### Data below
::::

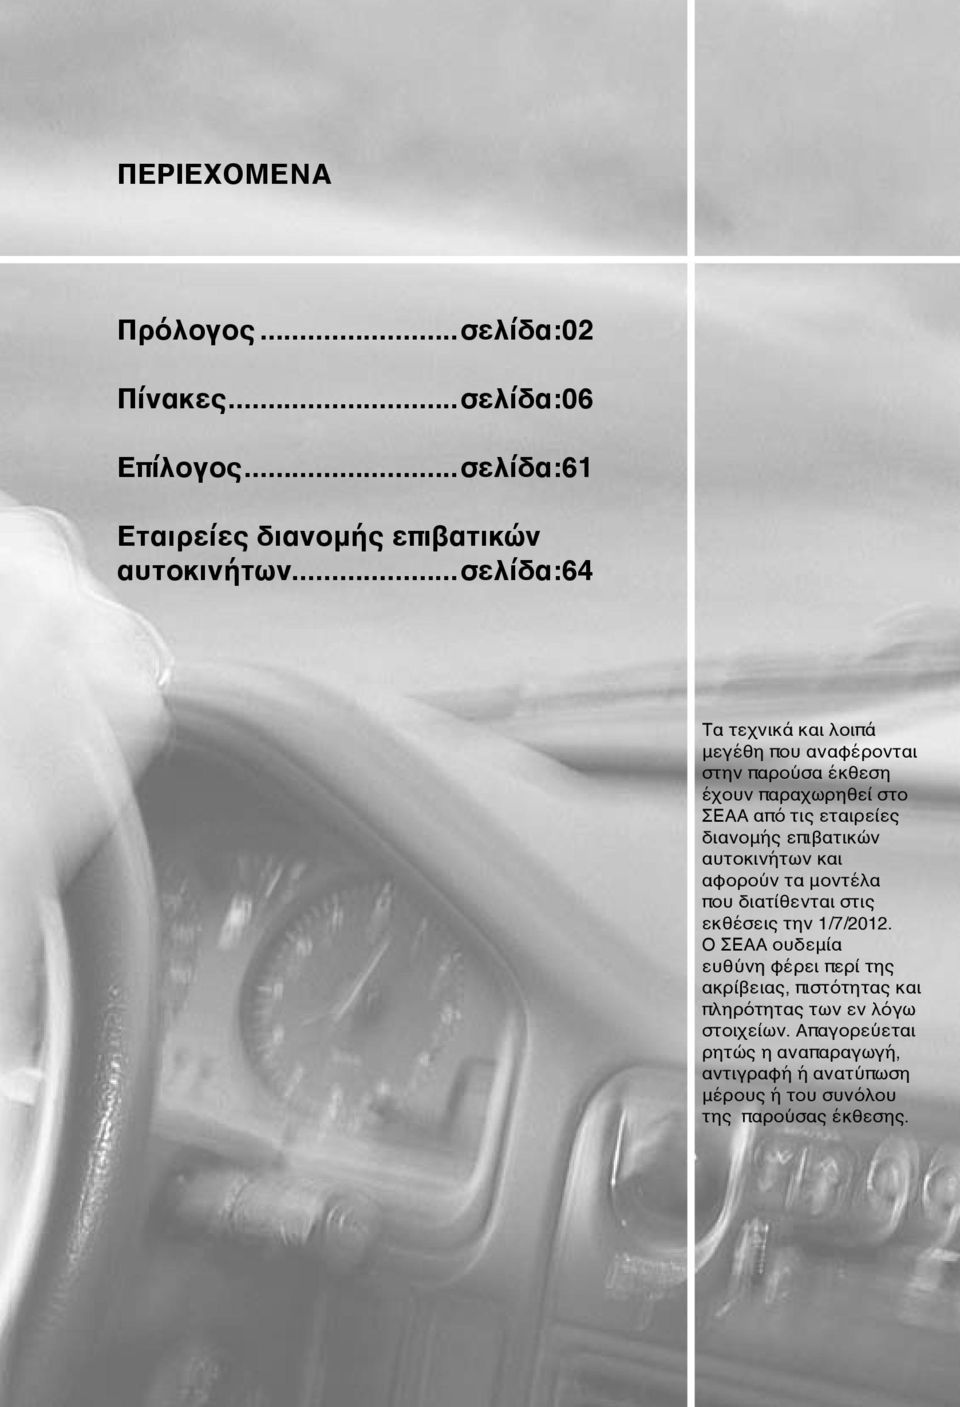 επιβατικών αυτοκινήτων και αφορούν τα μοντέλα που διατίθενται στις εκθέσεις την 1/7/2012.
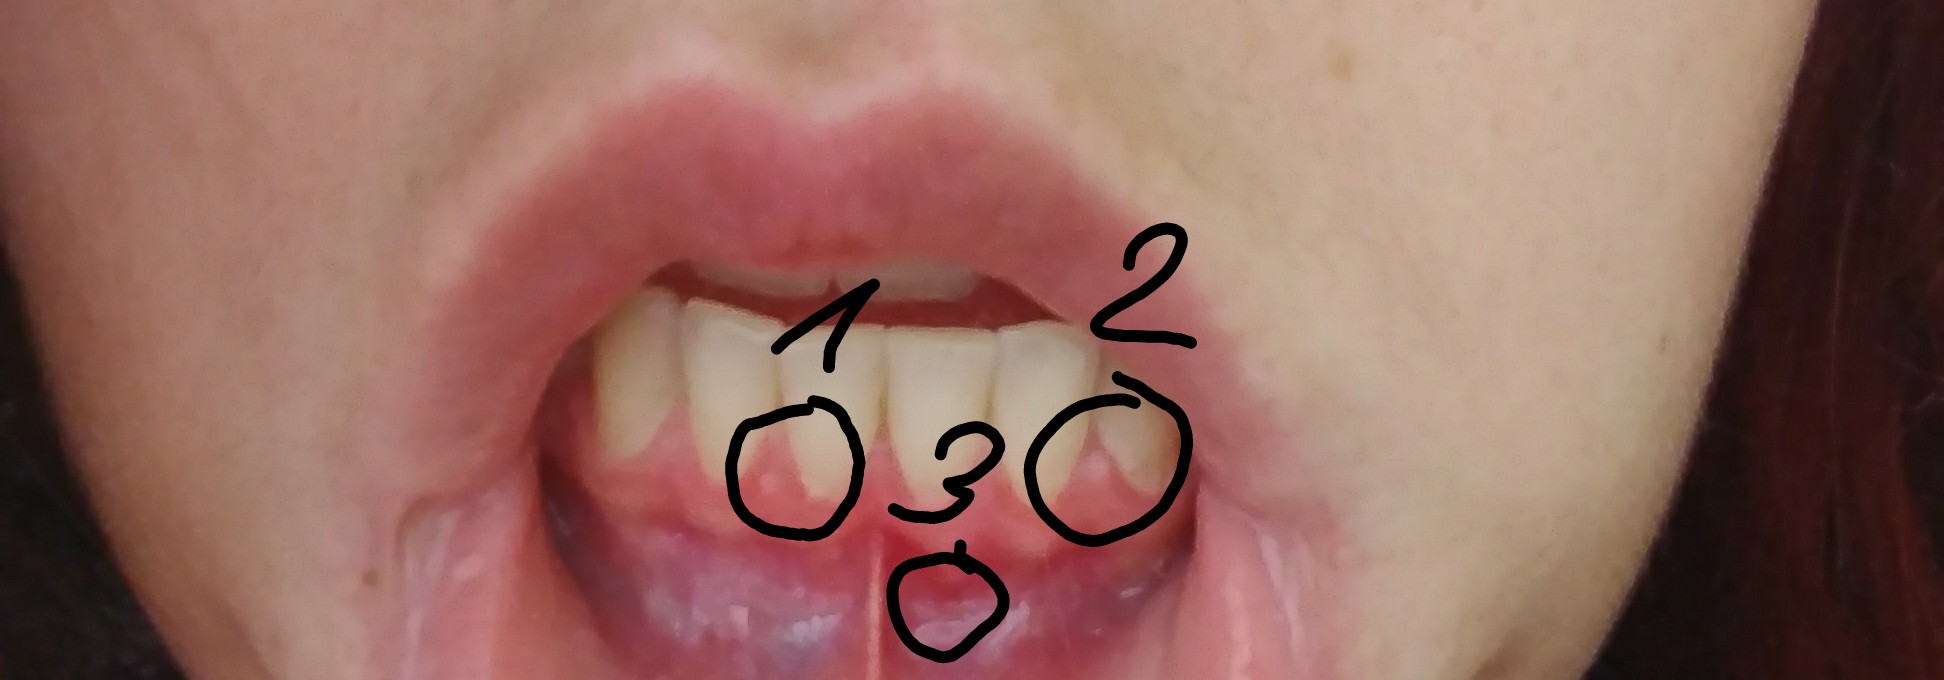 Zahnfleisch Weiße Punkte
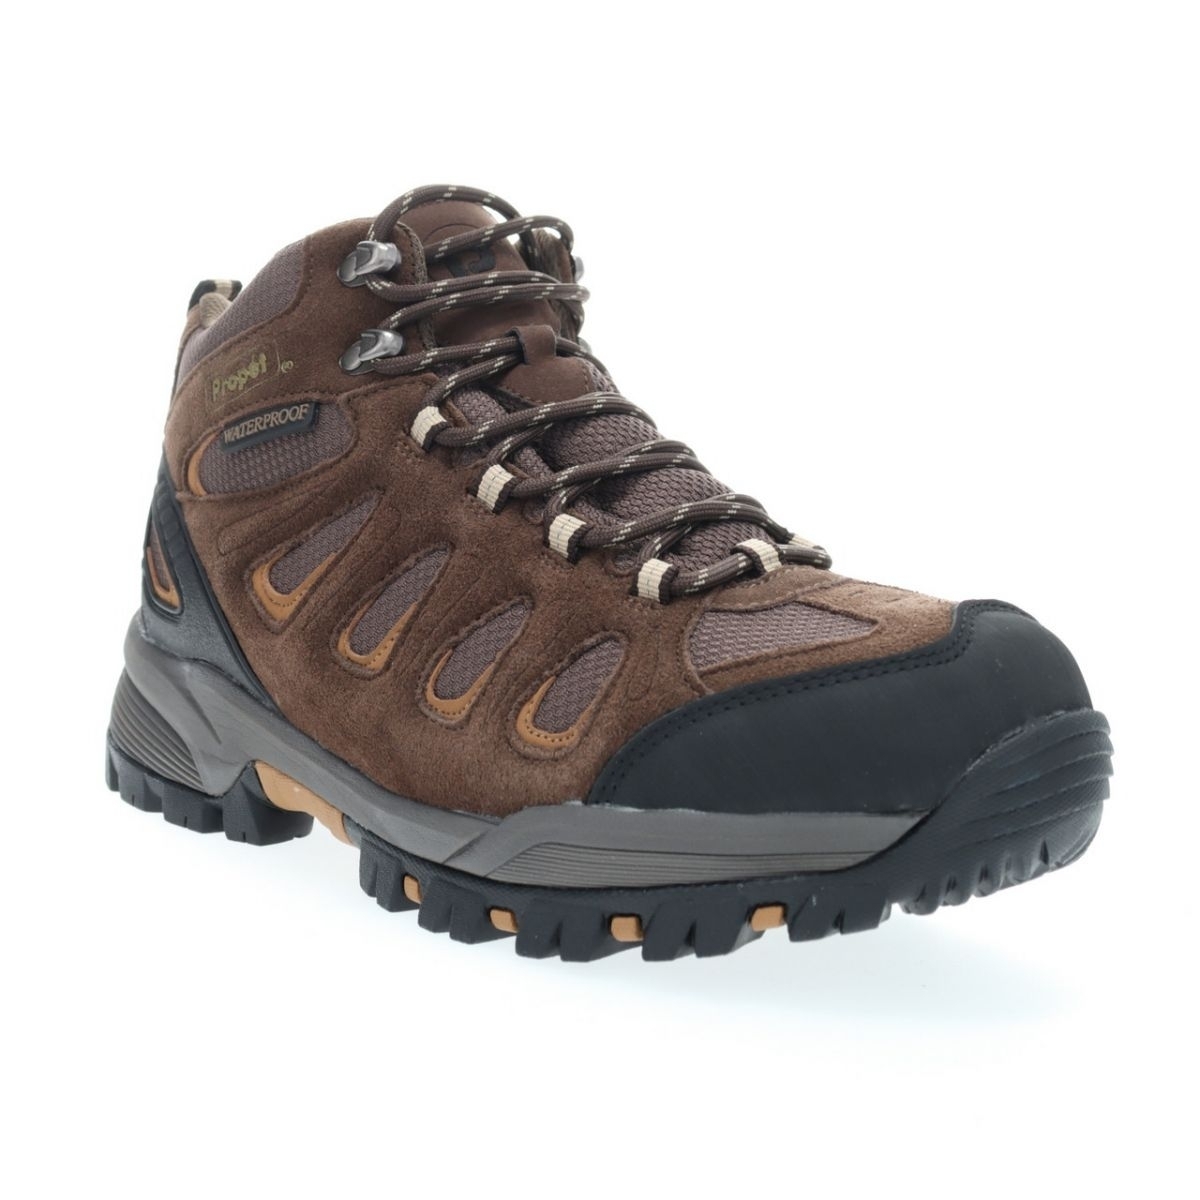 Propet Men's Ridge Walker Hiking Boot Brown - M3599BR 8 XX US Men BROWN - BROWN, 11
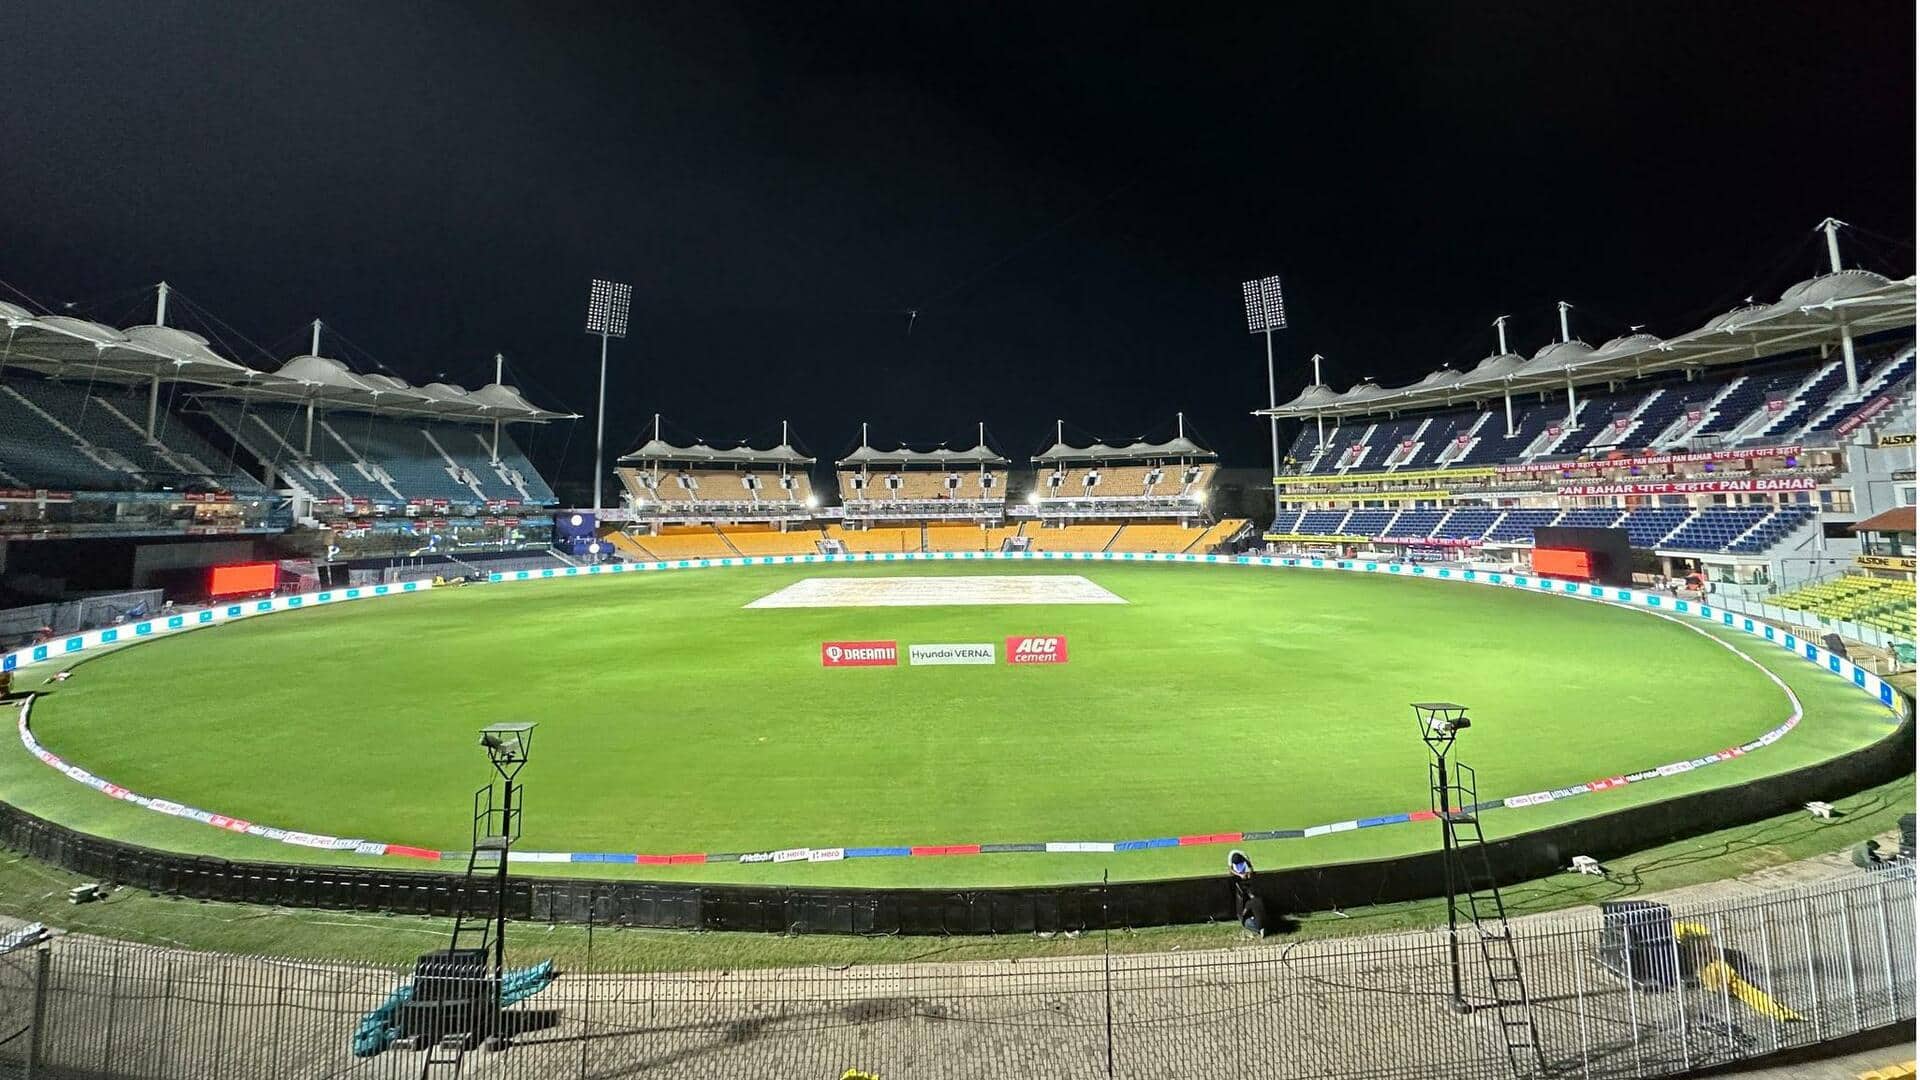 चेन्नई के चेपॉक स्टेडियम ने हासिल की बड़ी उपलब्धि, ऐसा करने वाला 5वां भारतीय मैदान

::::

### Your task
Repeat all the data as it stands, dropping any images it holds.

### The completed task
 επιβατικών αυτοκινήτων και αφορούν τα μοντέλα που διατίθενται στις εκθέσεις την 1/7/2012.
 Zahnfleisch Weiße Punkte
 Propet Men's Ridge Walker Hiking Boot Brown - M3599BR 8 XX US Men BROWN - BROWN, 11
 चेन्नई के चेपॉक स्टेडियम ने हासिल की बड़ी उपलब्धि, ऐसा करने वाला 5वां भारतीय मैदान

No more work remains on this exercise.